Discussion Character
- Exploratory
- Debate/contested
- Technical explanation
- Mathematical reasoning
Main Points Raised
- Some participants argue that the HUP can be derived from the commutation relations of coordinate and momentum operators, independent of the SE.
- Others contend that the deterministic nature of the SE implies it cannot capture the uncertainty required for the HUP, particularly in a one-particle system.
- One participant suggests that the SE relates to dynamics while uncertainty pertains to kinematics, indicating that the SE does not directly influence the HUP.
- Another viewpoint posits that the SE is fundamental and historically significant, but questions remain about its sufficiency for deriving the HUP.
- Several participants discuss the role of basis choice in quantum mechanics, emphasizing that without specifying operators in a basis, the SE cannot be fully utilized to derive the HUP.
- A later reply outlines a mathematical approach to derive the HUP using properties of the wave function, suggesting that the SE may not be necessary for this derivation.
- Some participants express uncertainty about the reasoning behind the derivation steps and the implications of the outlined approach.

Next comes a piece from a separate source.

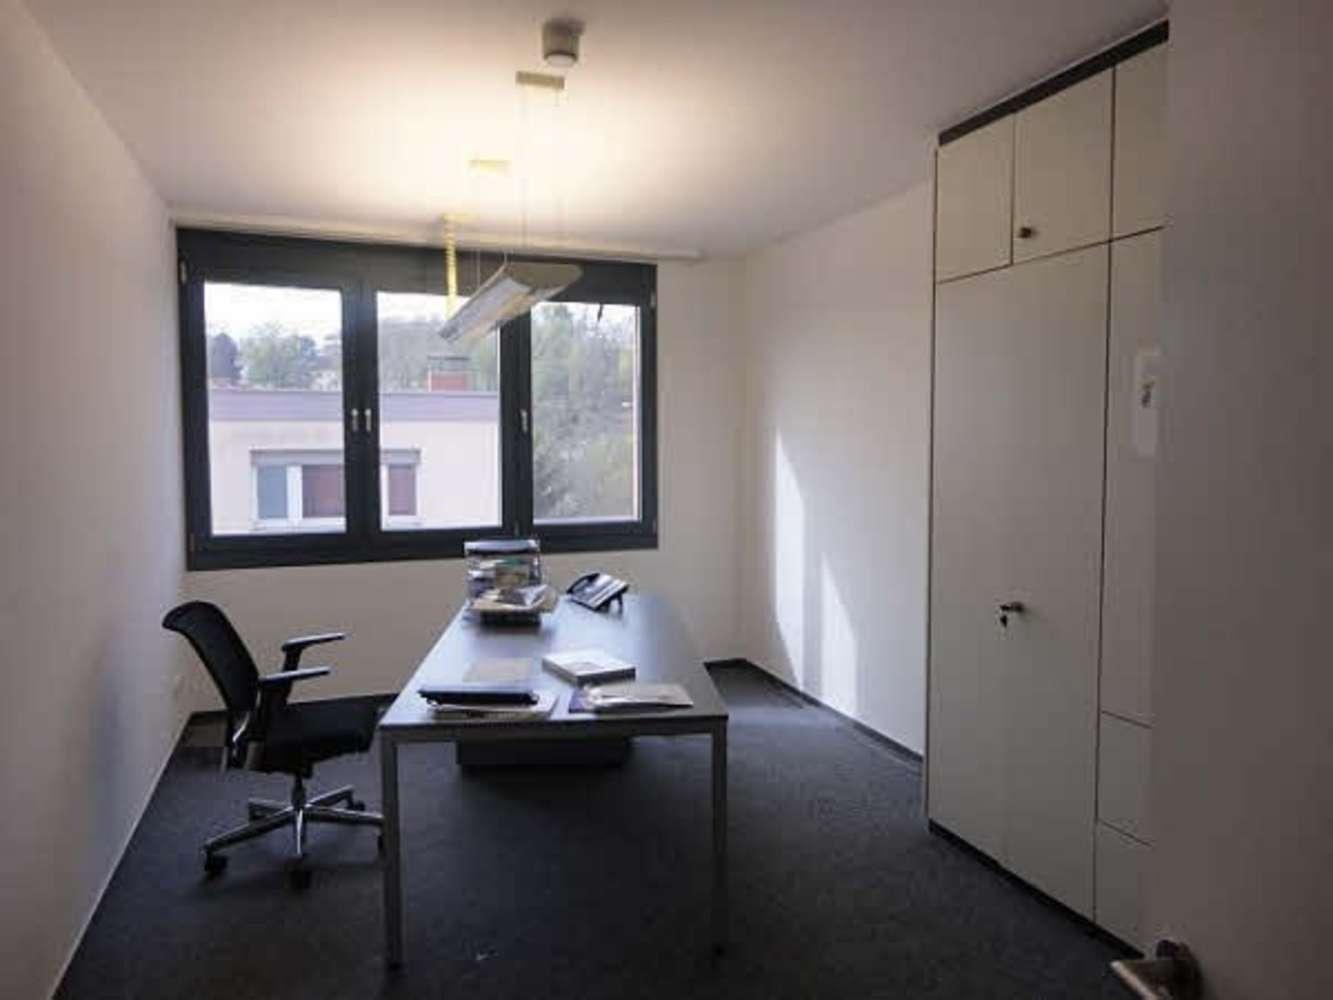 Büros Frankfurt am main, 60599 - Büro - Frankfurt am Main, Sachsenhausen - F1443 - 9405098

Areas of Agreement / Disagreement
Participants do not reach a consensus on whether the HUP can be derived solely from the SE. Multiple competing views are presented, with some asserting that additional principles are necessary while others believe the SE may suffice under certain conditions.
Contextual Notes
Discussions highlight limitations regarding assumptions about the operators involved, the necessity of specifying a basis, and the implications of the SE's deterministic nature. The relationship between dynamics and kinematics in quantum mechanics is also a point of contention.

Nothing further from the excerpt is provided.